PLOS Article on Climate, Genes and Metabolic Disorders

Metabolic disorders relate to how the body absorbs food and processes into energy. Diabetes is an example of a metabolic disorder. Here are some stats on diabetes from the World Health Organization:

Diabetes is a chronic disease that occurs when the pancreas does not produce enough insulin, or alternatively, when the body cannot effectively use the insulin it produces. Insulin is a hormone that regulates blood sugar. Hyperglycaemia, or raised blood sugar, is a common effect of uncontrolled diabetes and over time leads to serious damage to many of the body's systems, especially the nerves and blood vessels.
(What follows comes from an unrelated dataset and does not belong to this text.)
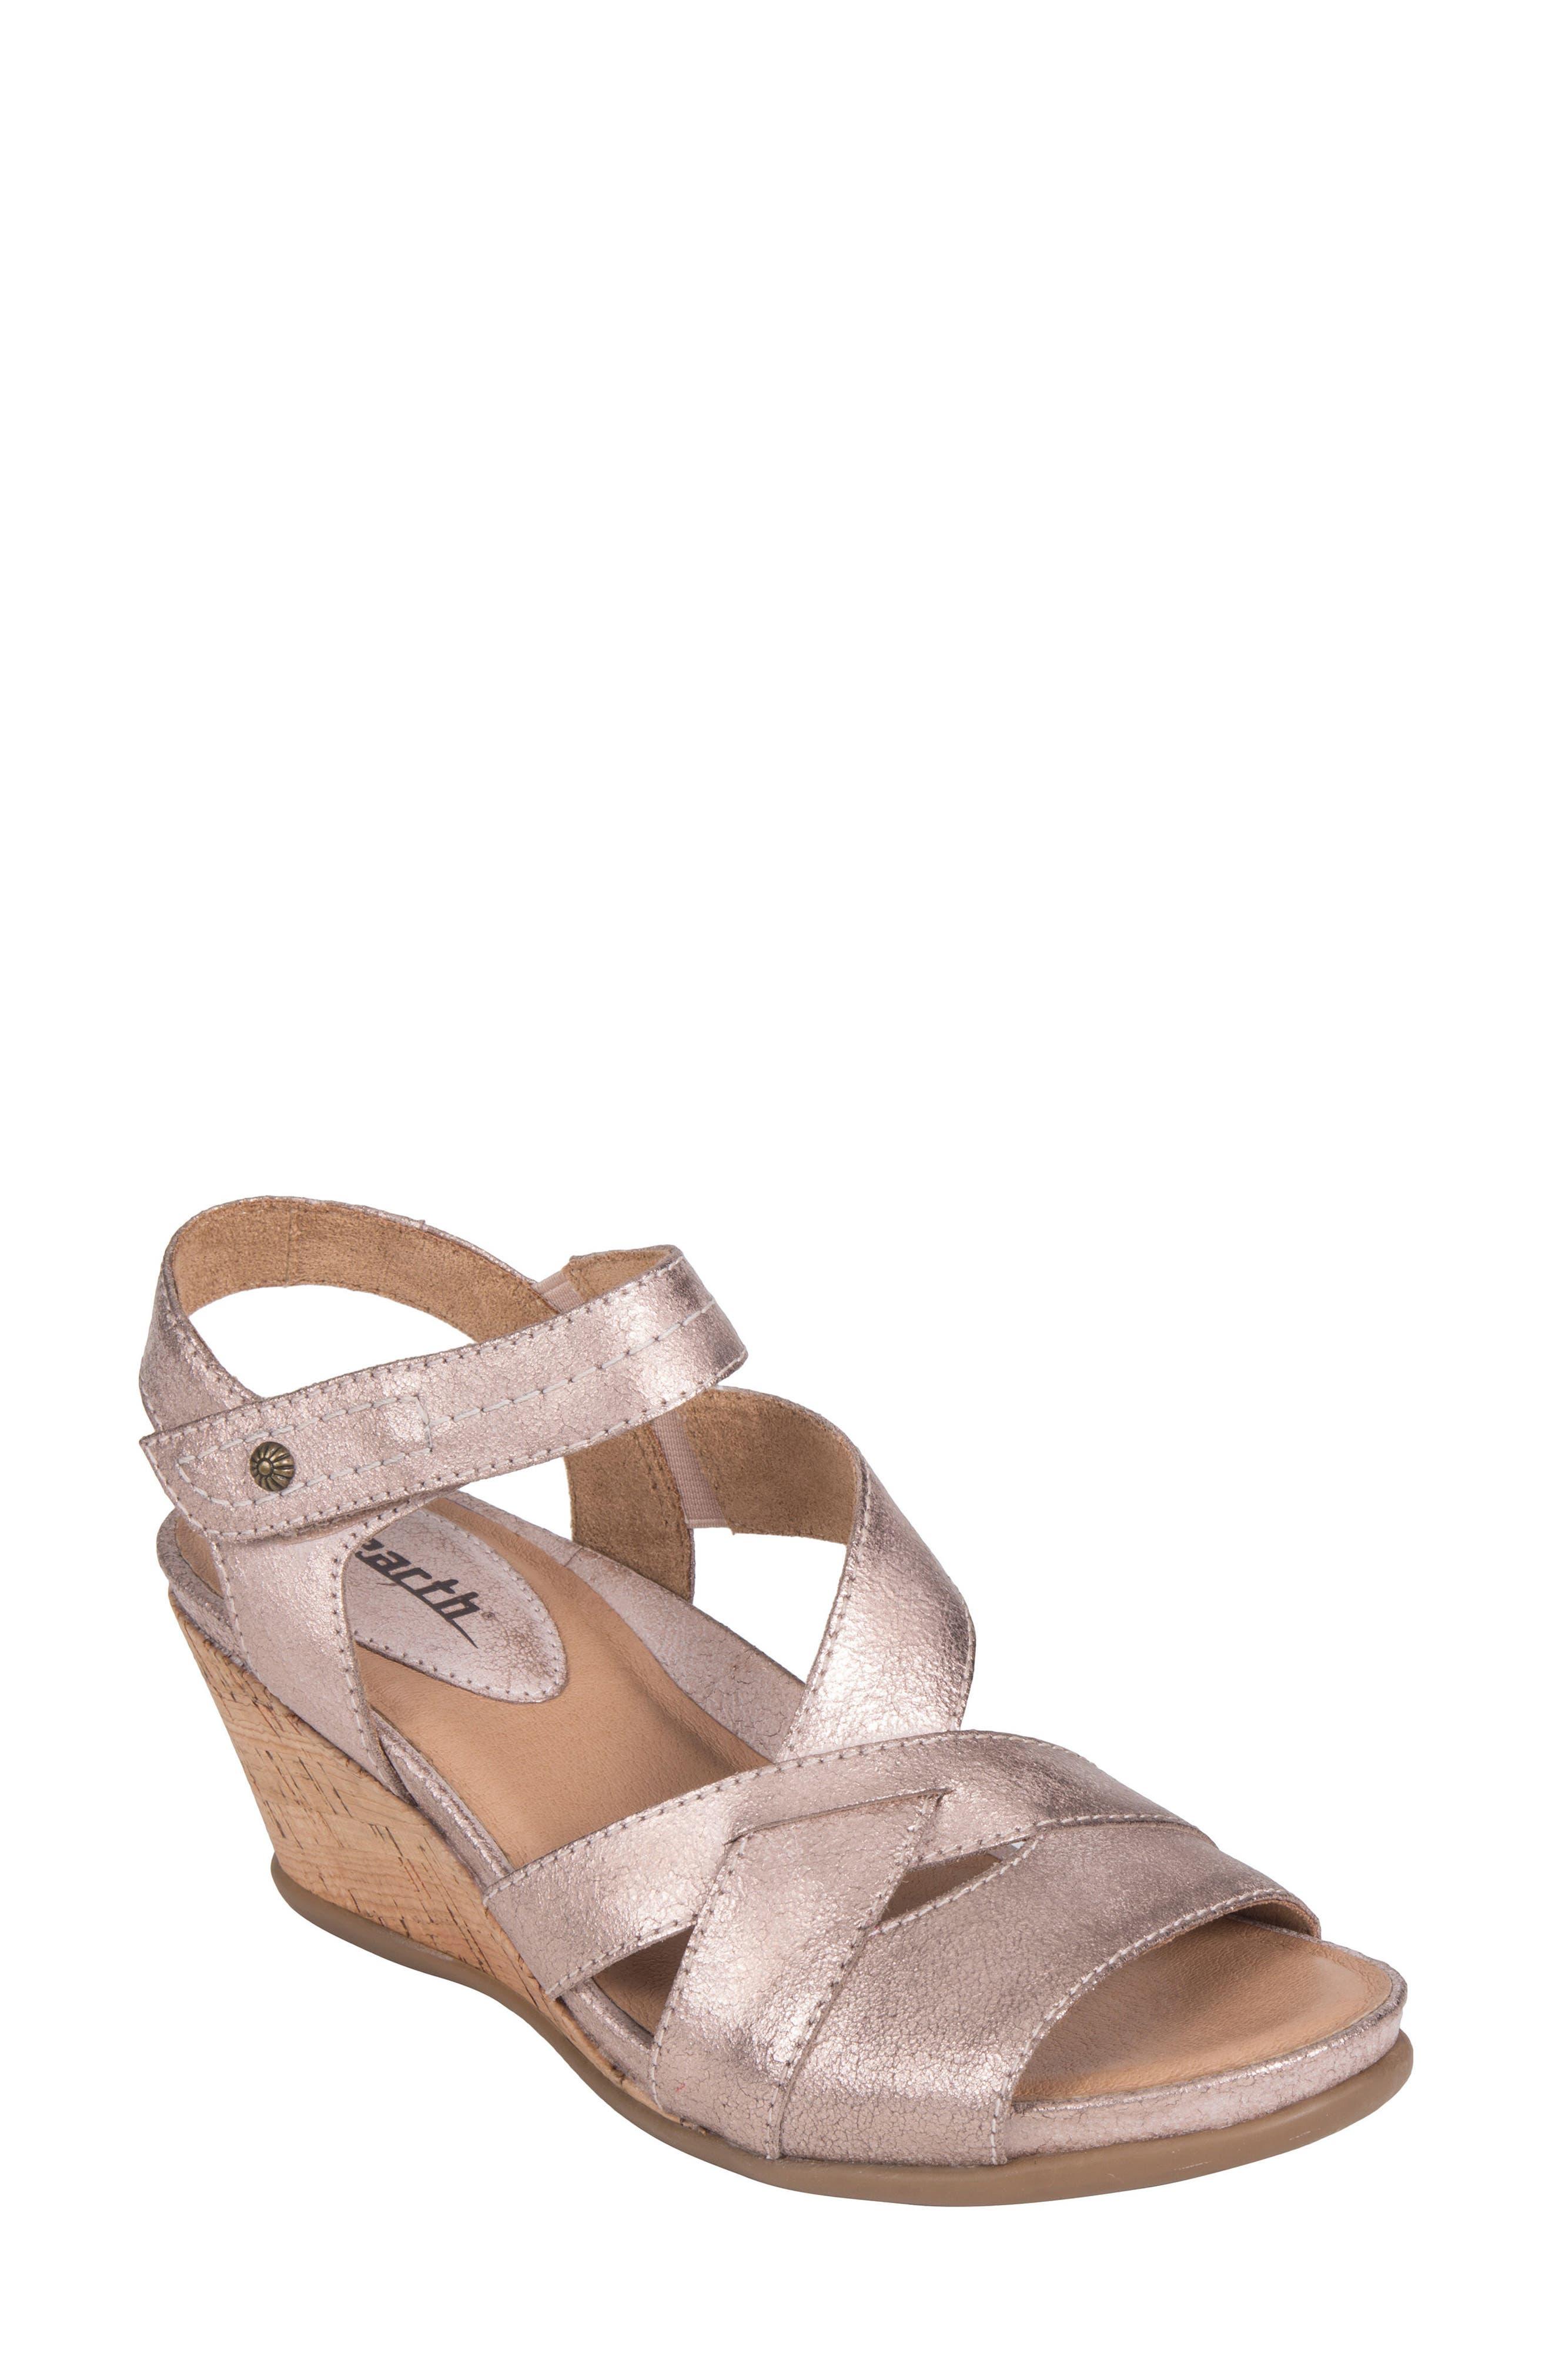 Thistle Wedge Sandal,                             Main thumbnail 4, color,
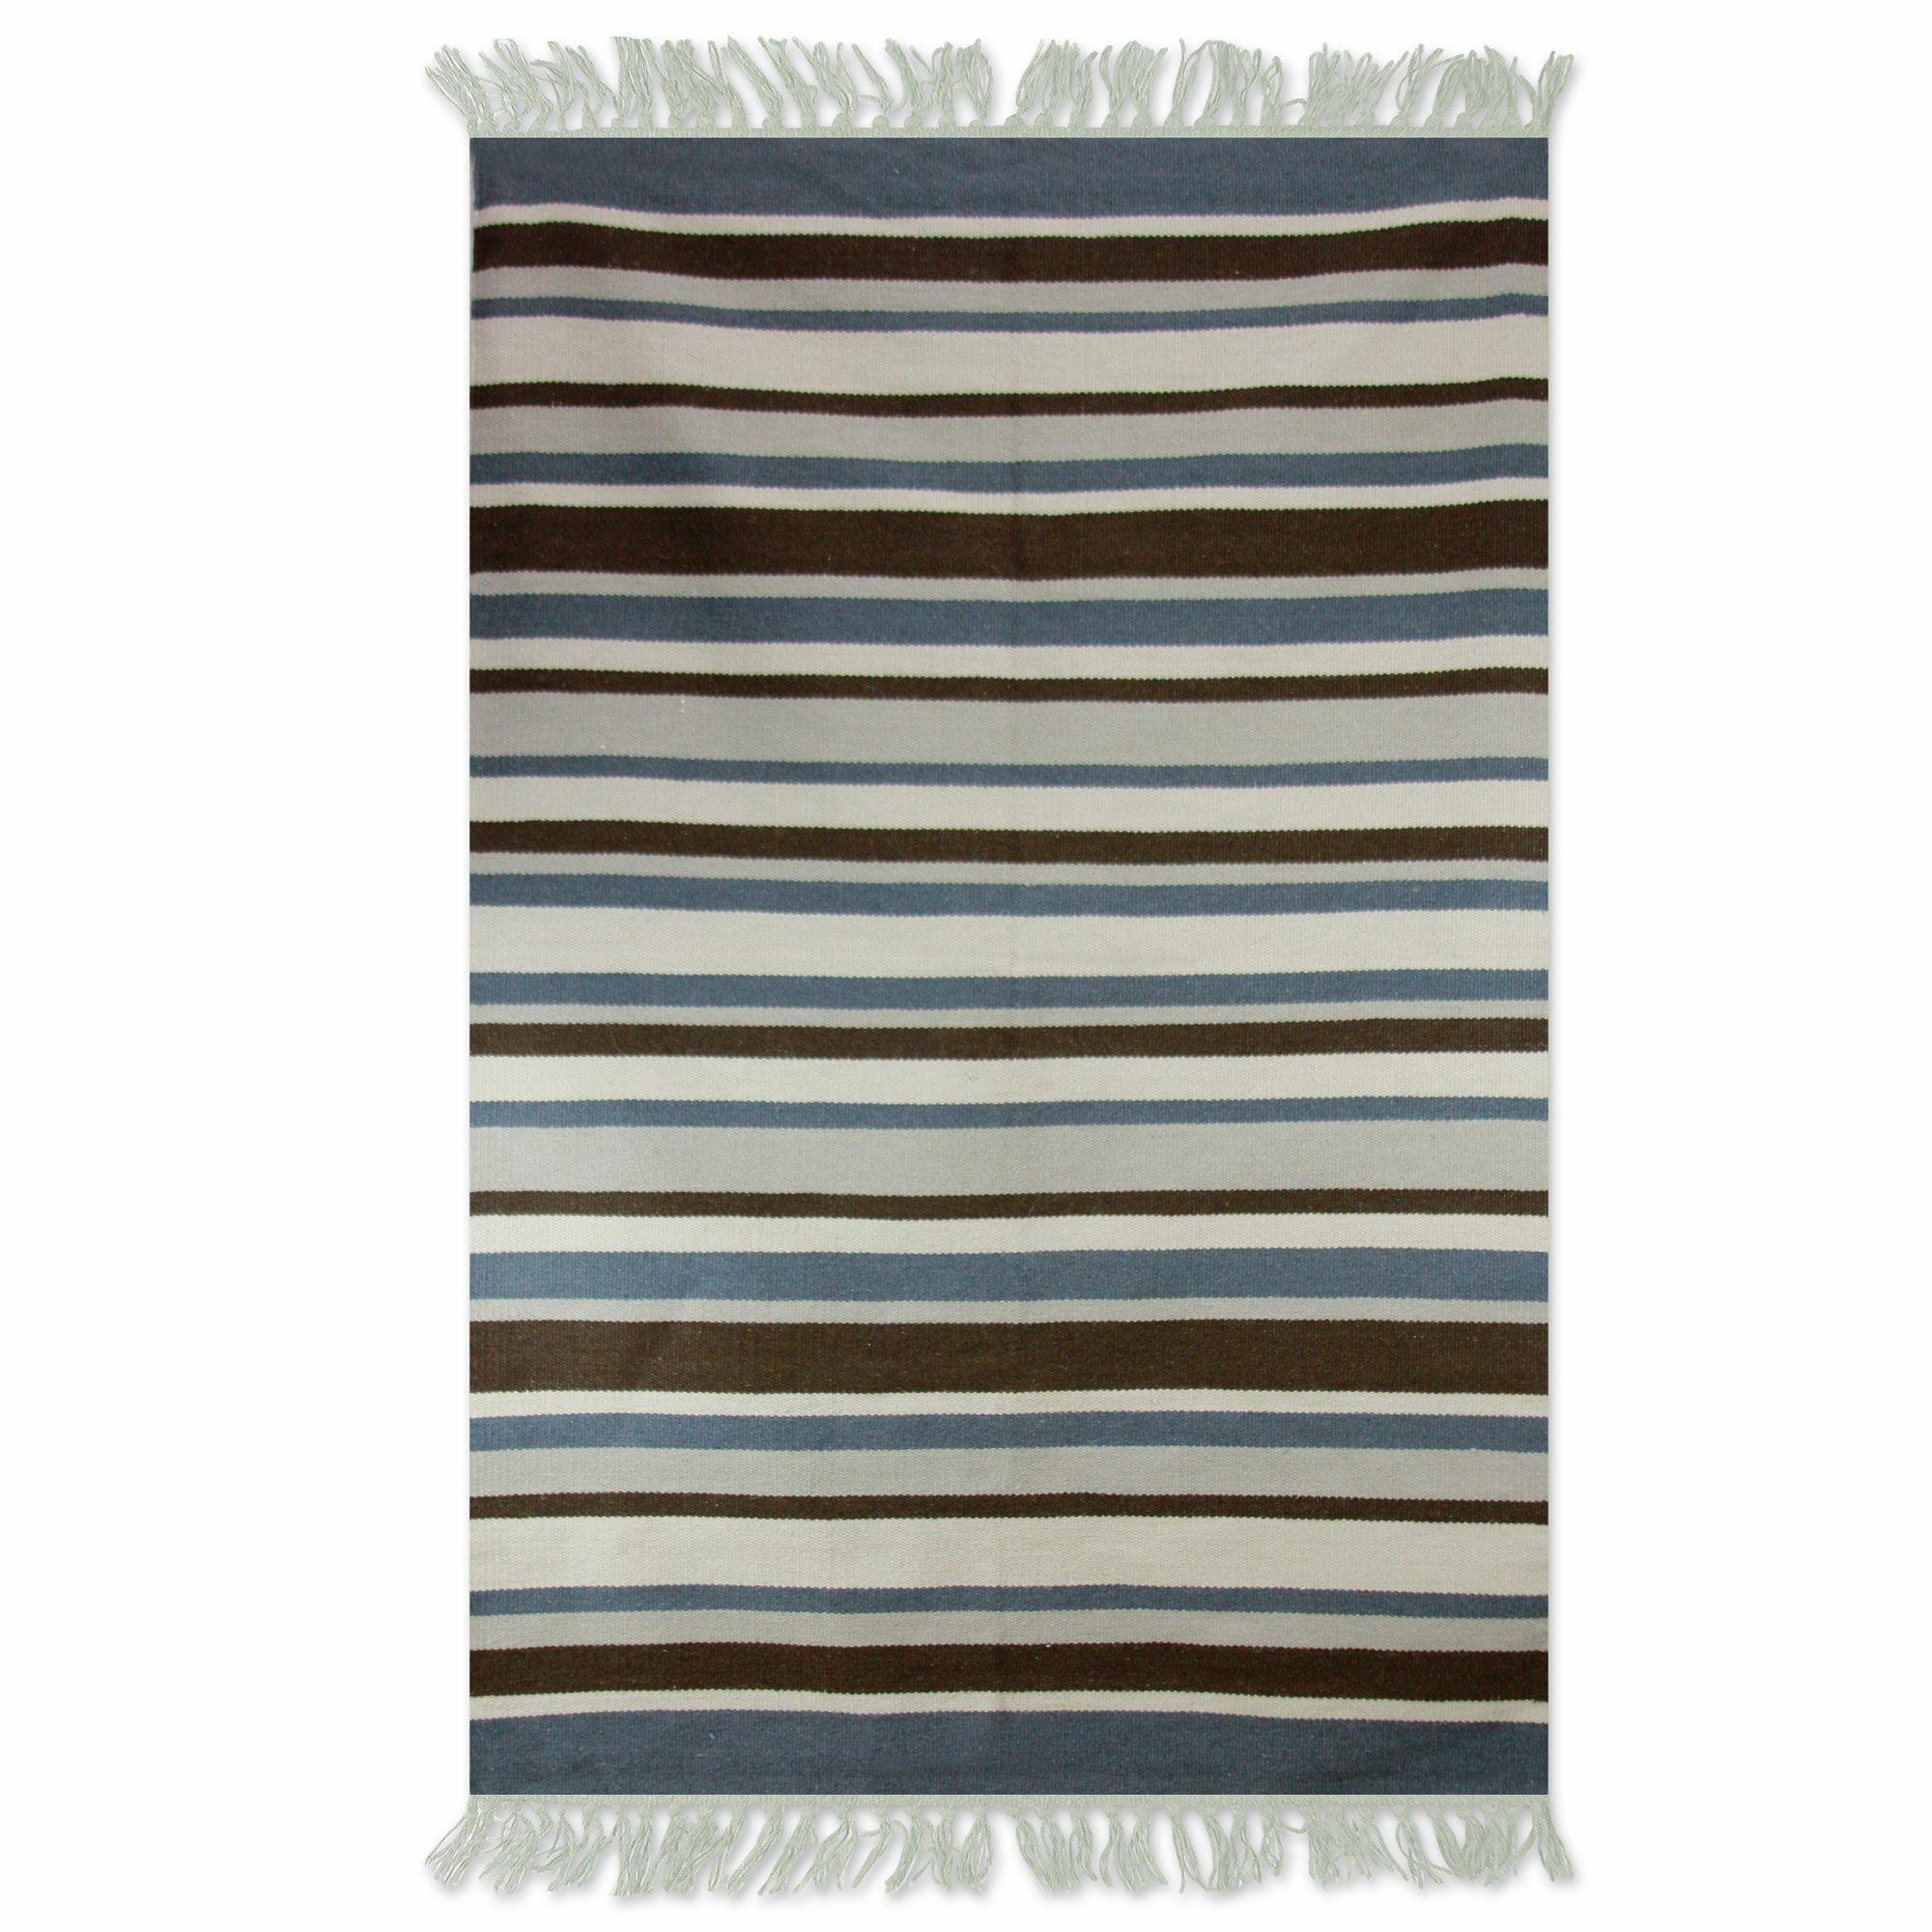 Handmade Gray/Blue Area Rug

The World Health Organization (WHO) estimates that more than 180 million people worldwide have diabetes. This number is likely to more than double by 2030.
In 2005, an estimated 1.1 million people died from diabetes.

Almost 80% of diabetes deaths occur in low and middle-income countries. Almost half of diabetes deaths occur in people under the age of 70 years; 55% of diabetes deaths are in women.

WHO projects that diabetes deaths will increase by more than 50% in the next 10 years without urgent action. Most notably, diabetes deaths are projected to increase by over 80% in upper-middle income countries between 2006 and 2015.

Prevention of type 2 diabetes can be achieved by maintaining a healthy weight and exercising.

Like my previous post on Why We Develop Cancer, one can ask why we, as a species, develop metabolic disorders? The latest issue of PLOS Genetics has a very interesting study which examines this question. And the study's conclusions are truly fascinating-- adaptations to climate might be an important part of the story.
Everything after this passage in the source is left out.